● **Aim of the task**: What you give back from the listing below should be an exact copy of the lines from the one with "13 aix en provence" down to the one with "Two schoolgirls chatting", and it should contain no pictures.

● **Data for this exercise**:
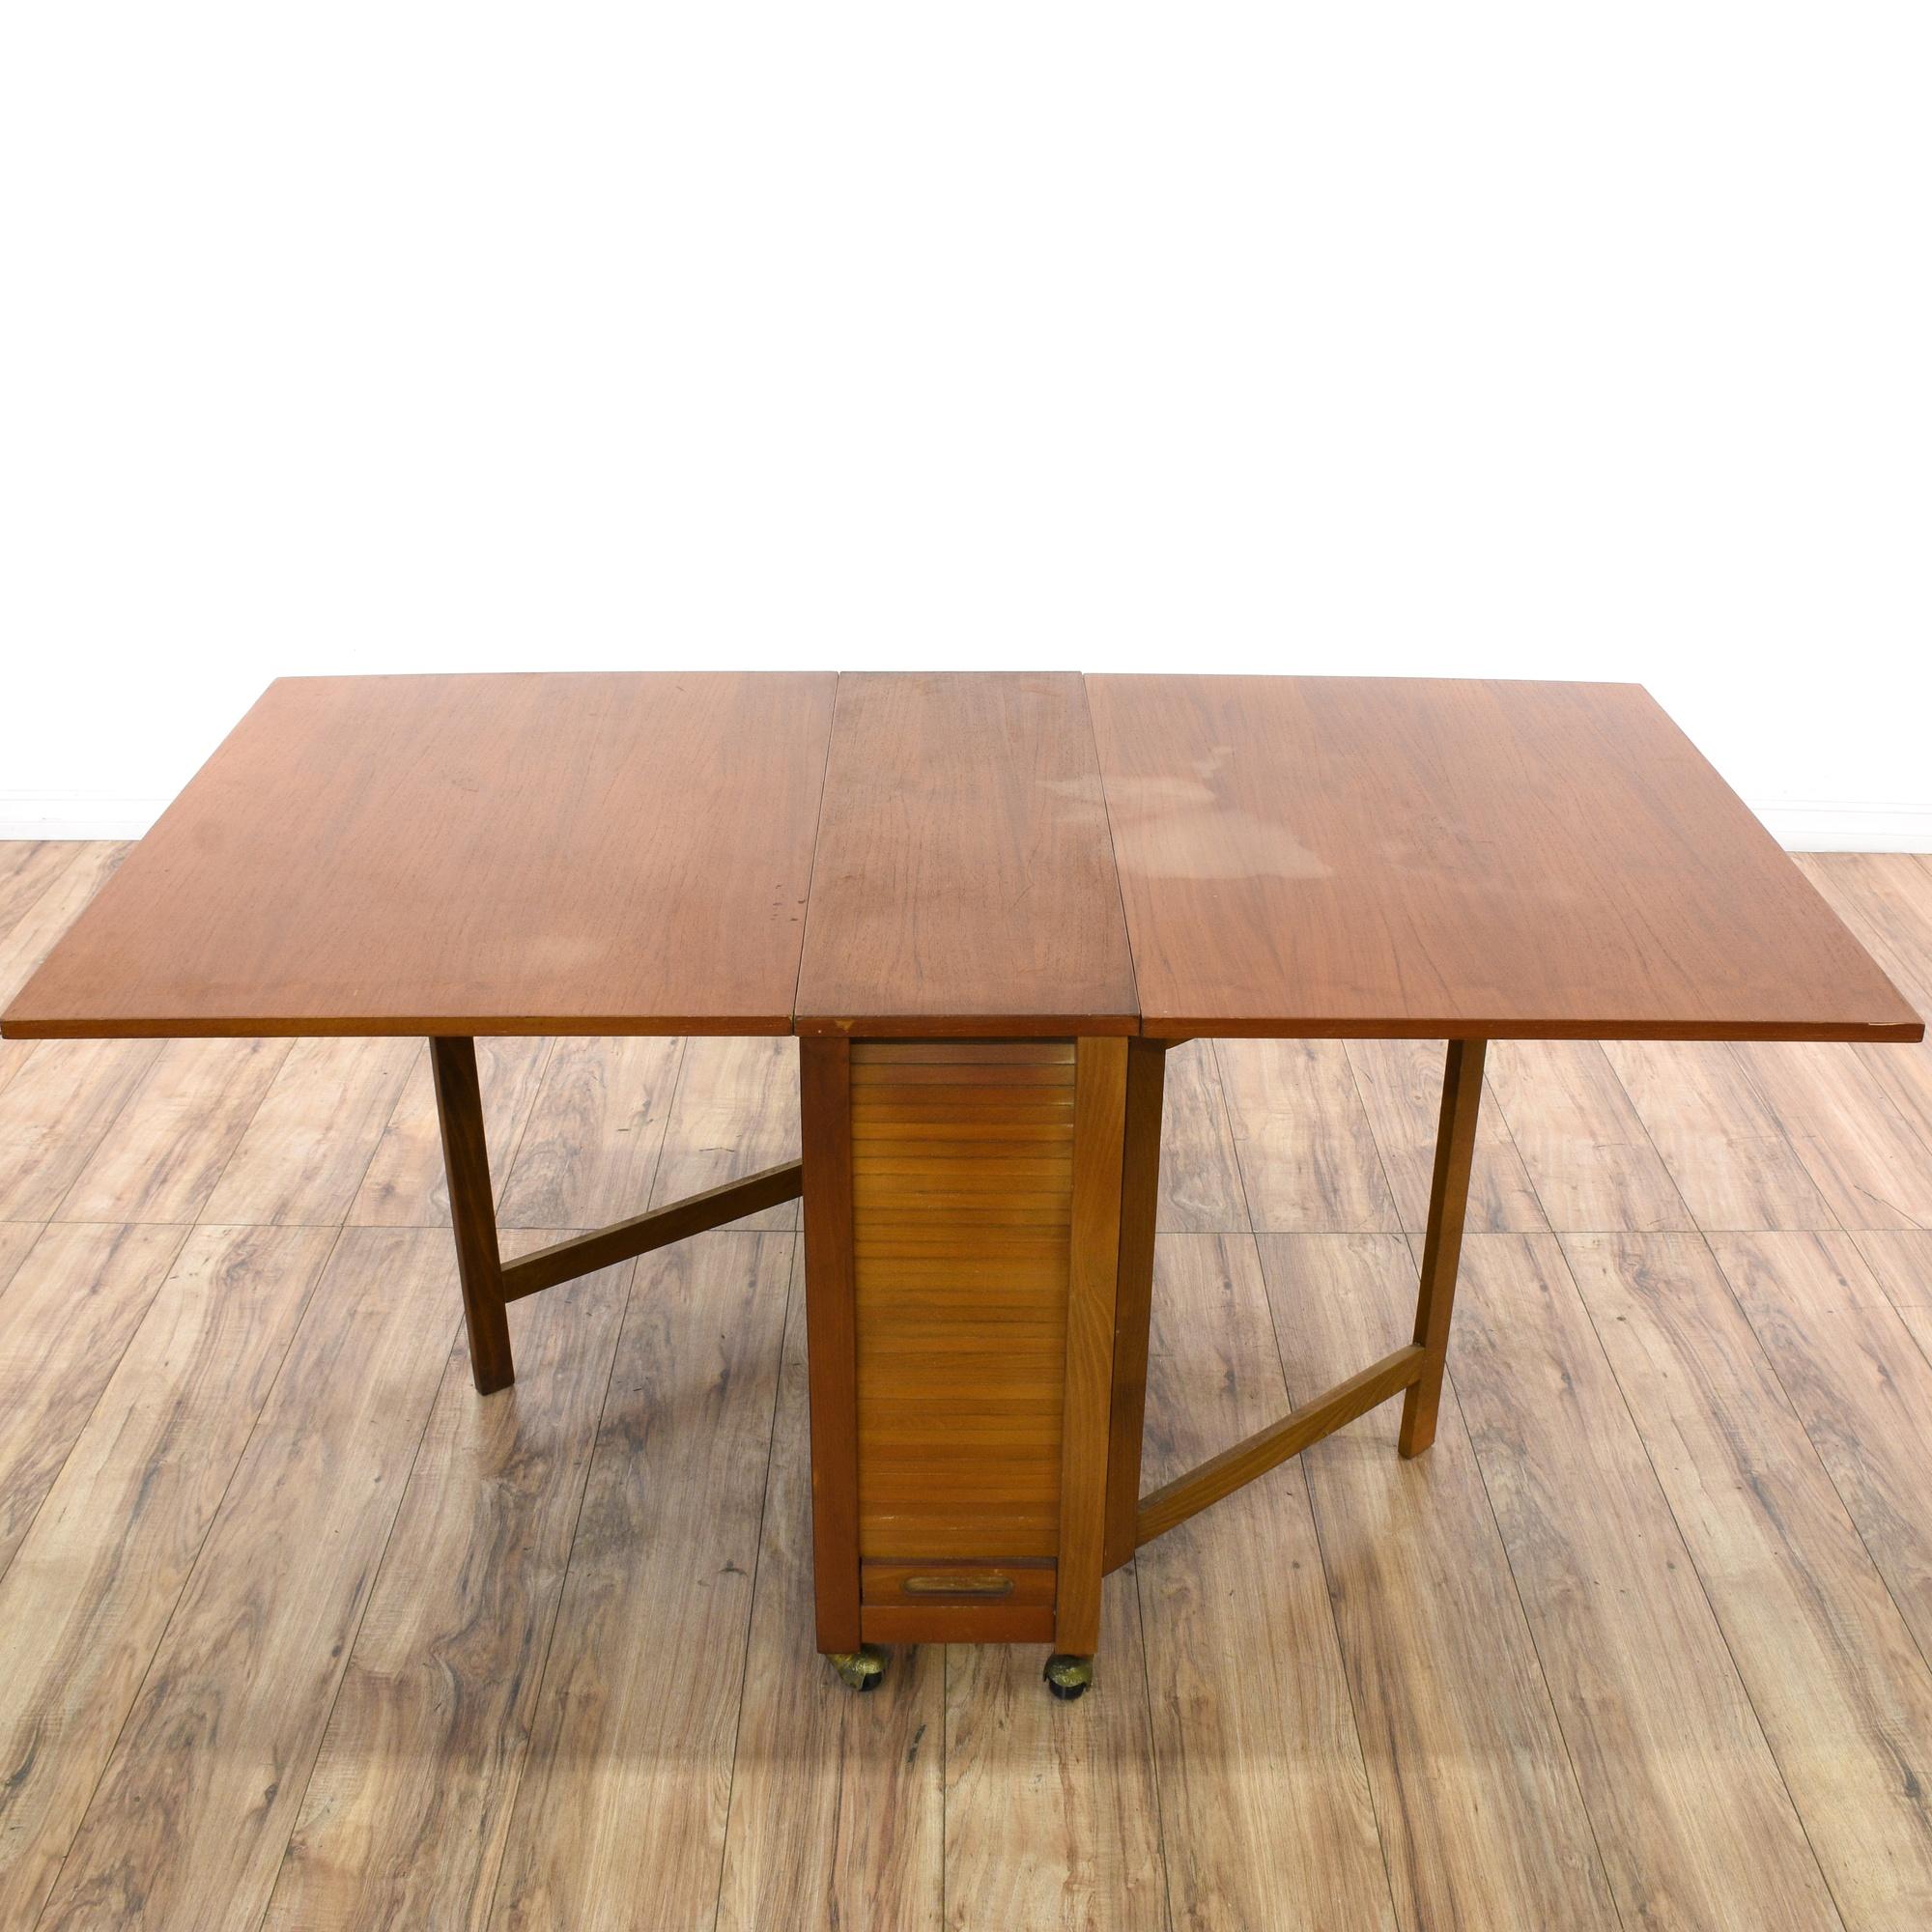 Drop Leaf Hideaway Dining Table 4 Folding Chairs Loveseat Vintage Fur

...

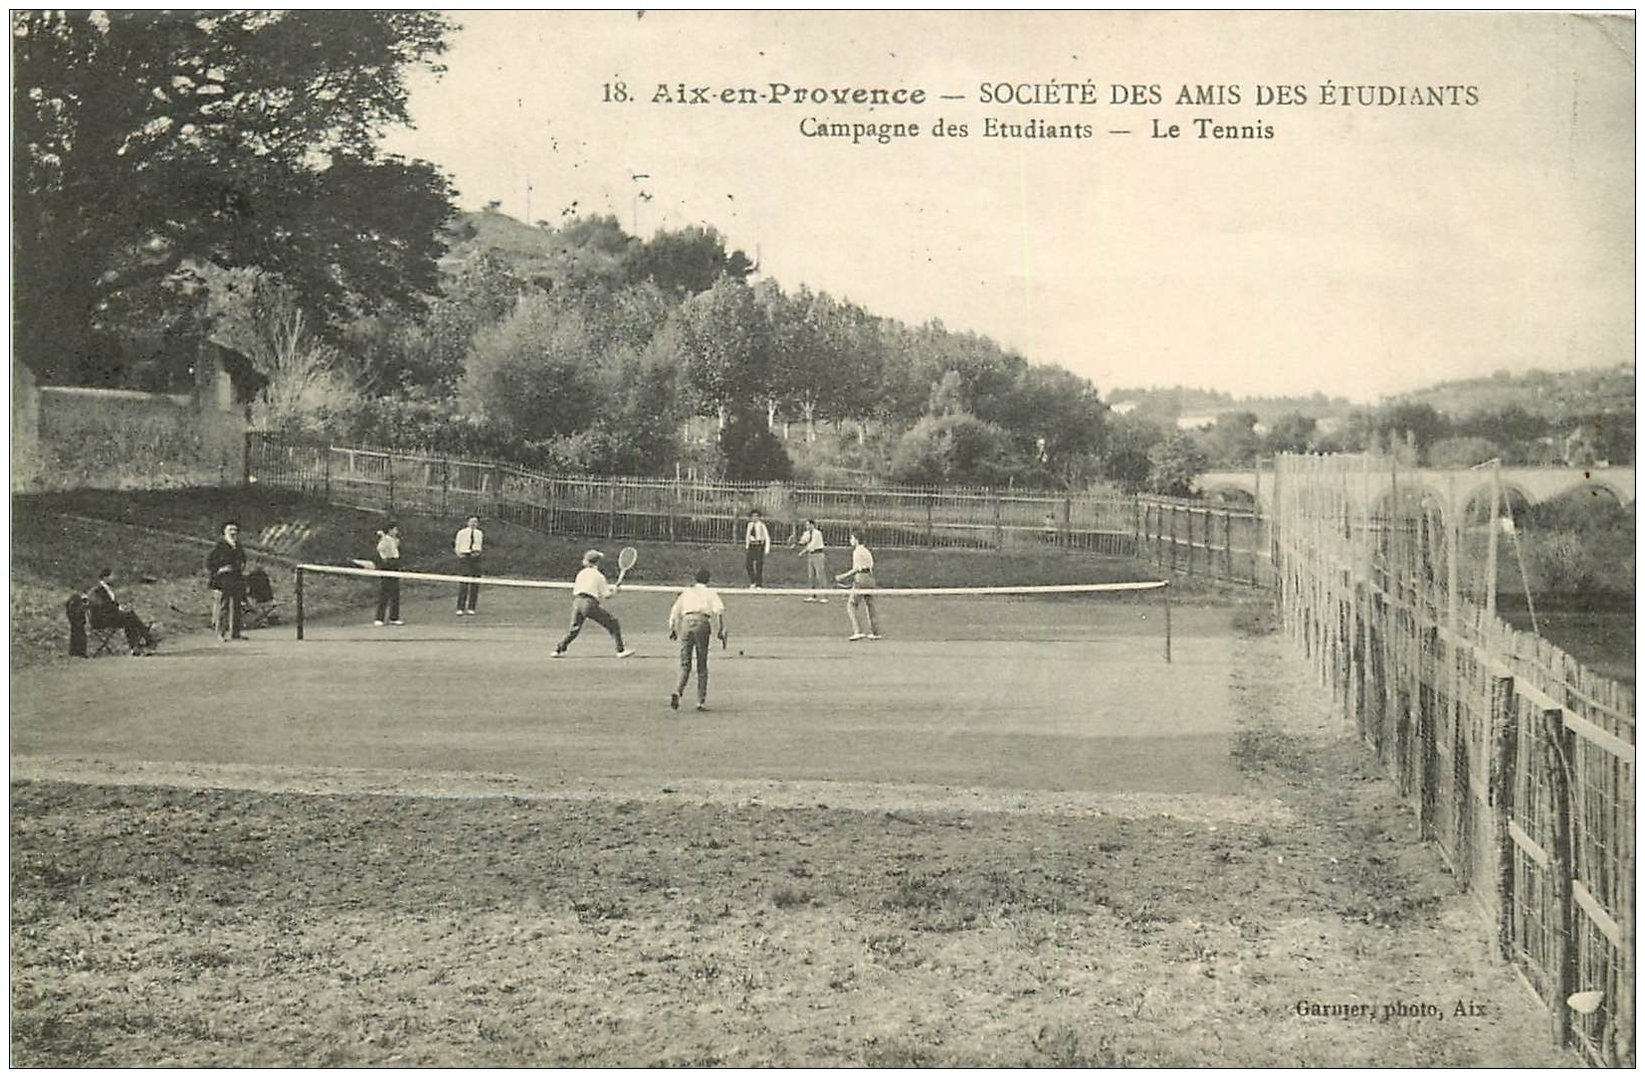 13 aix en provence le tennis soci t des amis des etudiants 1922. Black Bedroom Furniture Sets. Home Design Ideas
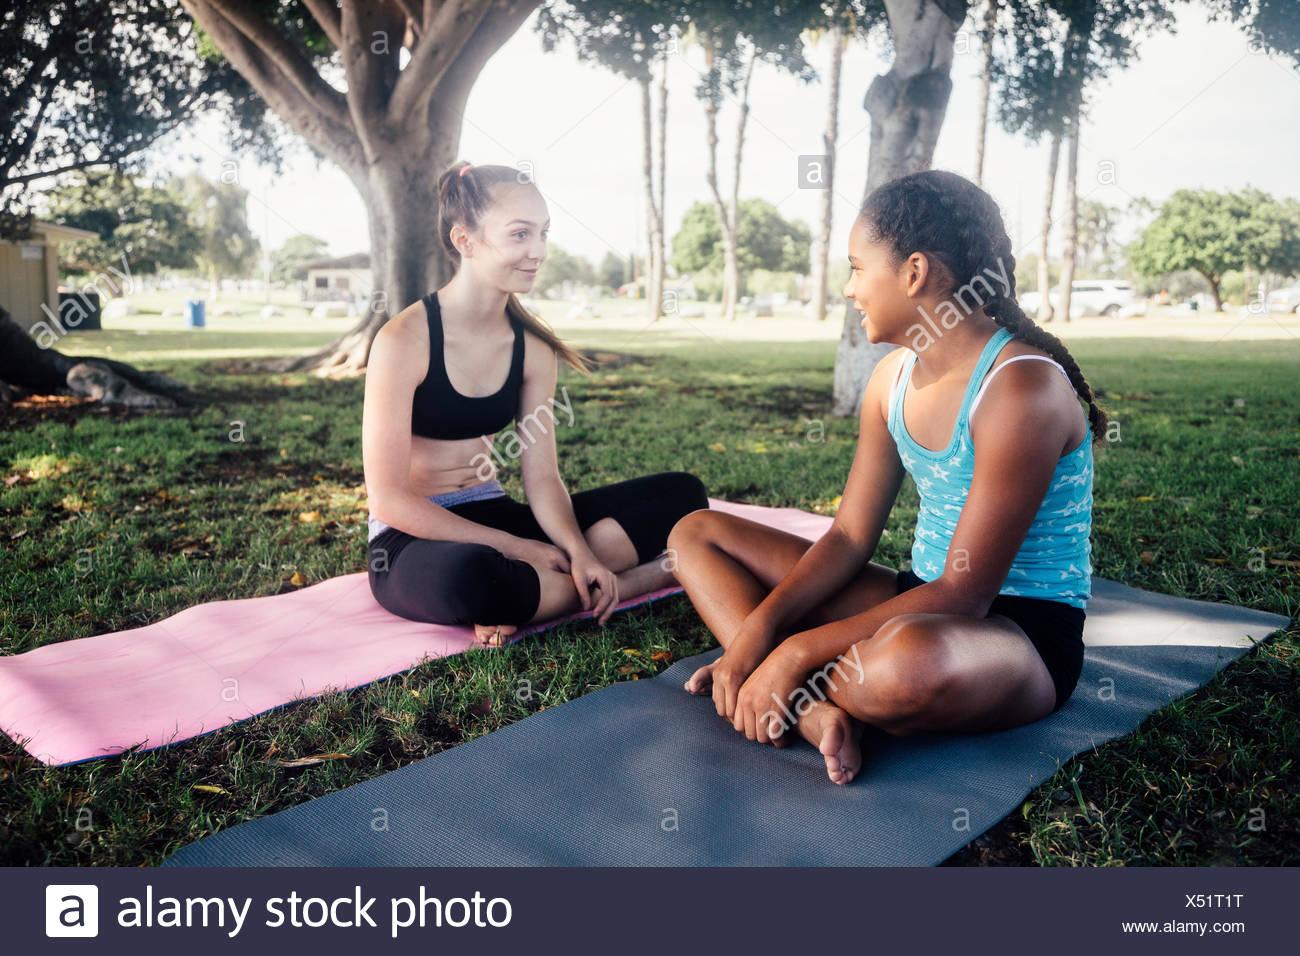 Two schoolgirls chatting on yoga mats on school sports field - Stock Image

...

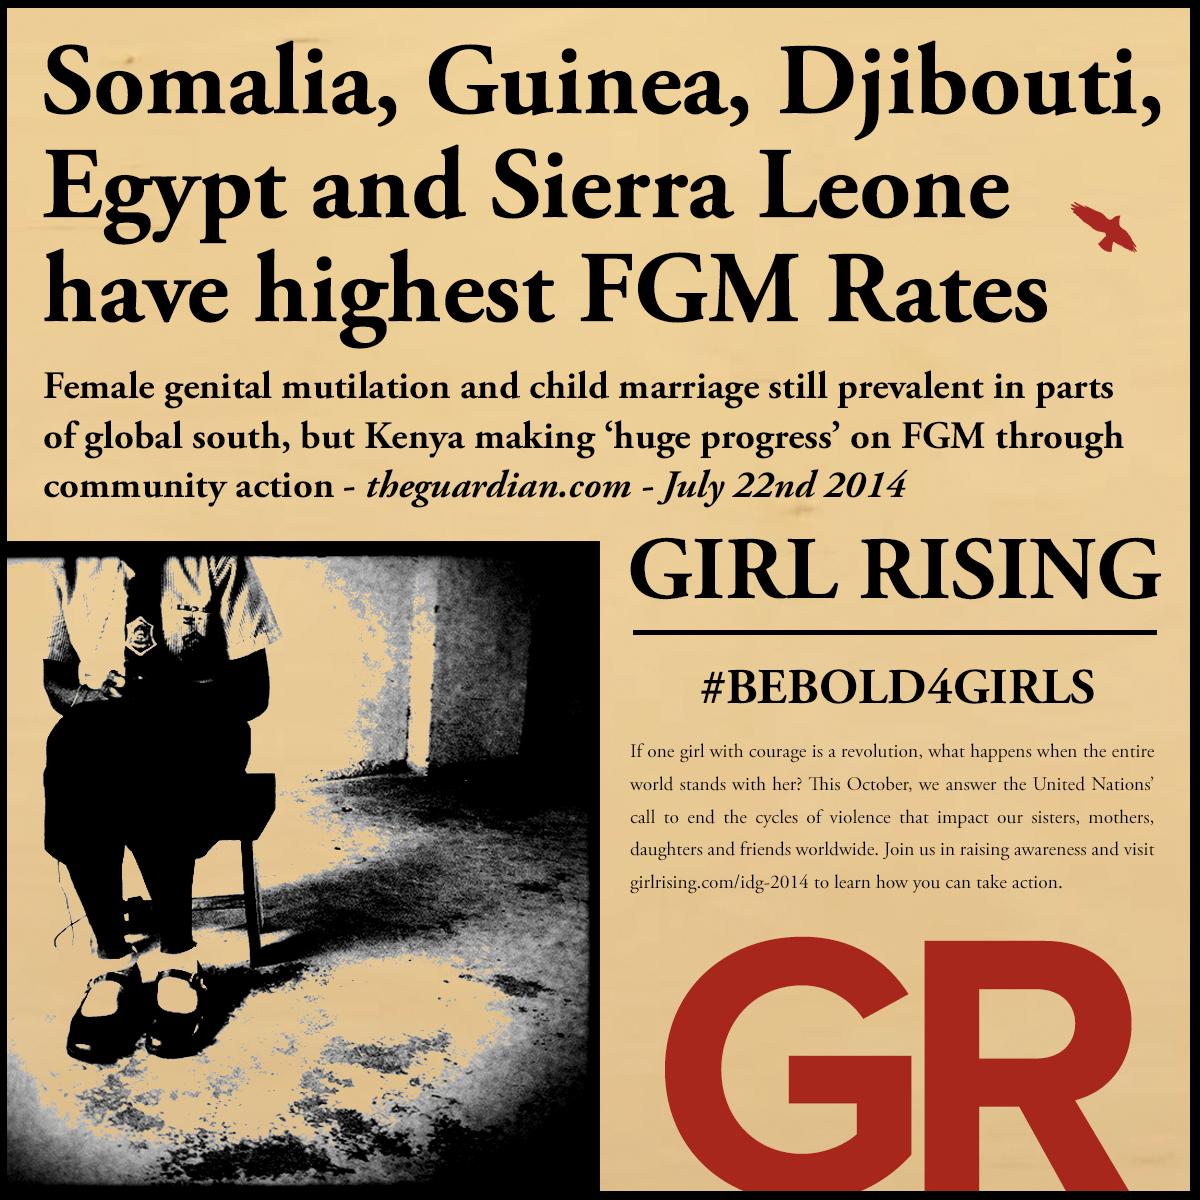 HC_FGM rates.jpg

● **Task solution**:
 13 aix en provence le tennis soci t des amis des etudiants 1922. Black Bedroom Furniture Sets. Home Design Ideas
 Two schoolgirls chatting on yoga mats on school sports field - Stock Image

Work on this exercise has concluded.